The 21 year-old legislative information website THOMAS will be retired on July 5 was the top news from last Wednesday’s congressional Bulk Access to Legislative Data public meeting. The fact that THOMAS was shutting down was not news, but the timing was.

While it didn’t generate a story in the press, two other developments are particularly important regarding how Congress engages the public. For the first time, the meeting was webcast and panelists—who came from offices and agencies throughout the legislative branch—responded to questions from people inside and outside the room. This will soon become regular practice; and video will shortly be available. Even more striking, Congress is responding to technical comments made on GitHub to the data it releases, creating an ongoing, real-time conversation about public access to legislative information with all the relevant stakeholders. This is a big deal. 

Four substantive issues were covered at the meeting.

First up was the mechanism by which Congress is publishing nearly all of the data behind THOMAS in a structured format that computers can process. It is this new form of publishing data that allows for THOMAS’s retirement. Many organizations that were scraping THOMAS for its data—in essence, arduously transforming information on its web pages into a database—can now pull the information from the new structured data repositories. The presentation centered on the Bill Status XML files, which describe where legislation stands in the legislative process, and the draft XML user guide, a user guide to the data.

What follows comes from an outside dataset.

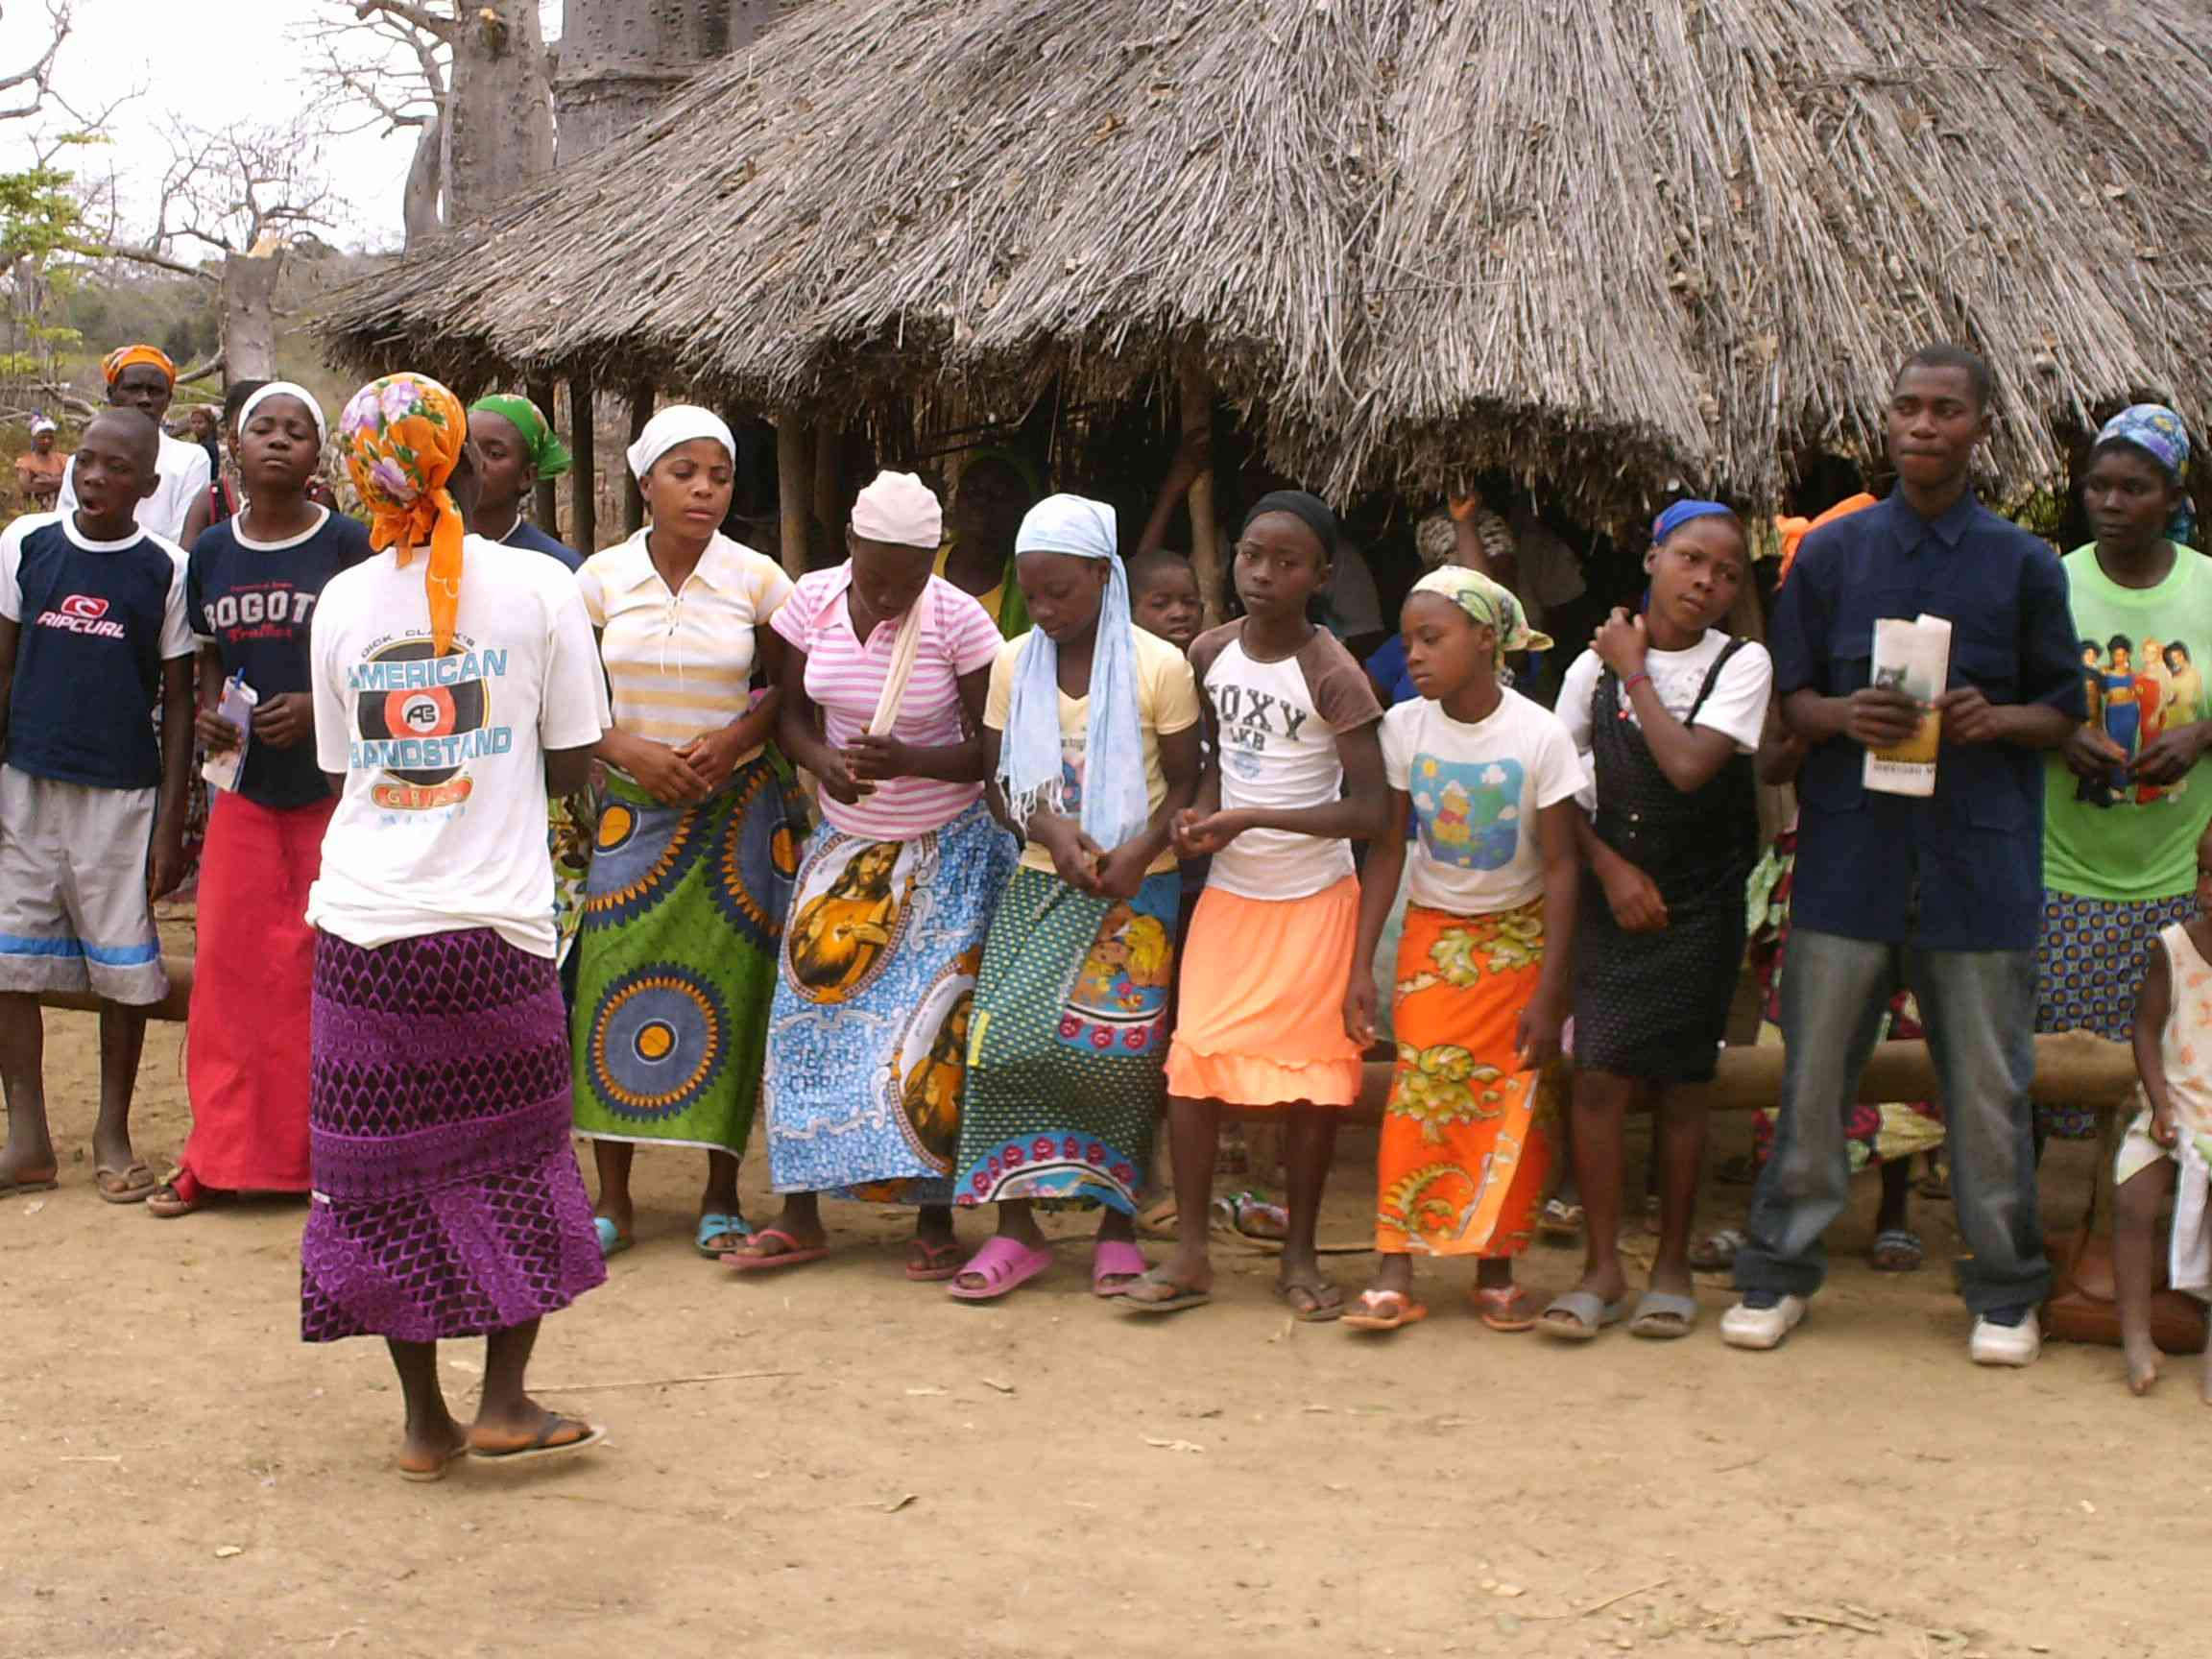 Sept 11 -13: Luandos Village Field Trip | Angola Field Groupangola village

Significant conversation focused around when Congress/GPO updates the information it pushes out to the public. Early publication meets the needs of some—who want to get alerts to their users–but risks being incomplete. Later publication is complete but not timely for some of its uses. Ultimately, the conversation resolved around two publication times and the creation of an alert so that people know when the data update is finished. The issue of a public API also came up, with the answer that Congress is focusing on bulk access first and the API is a more complex political question.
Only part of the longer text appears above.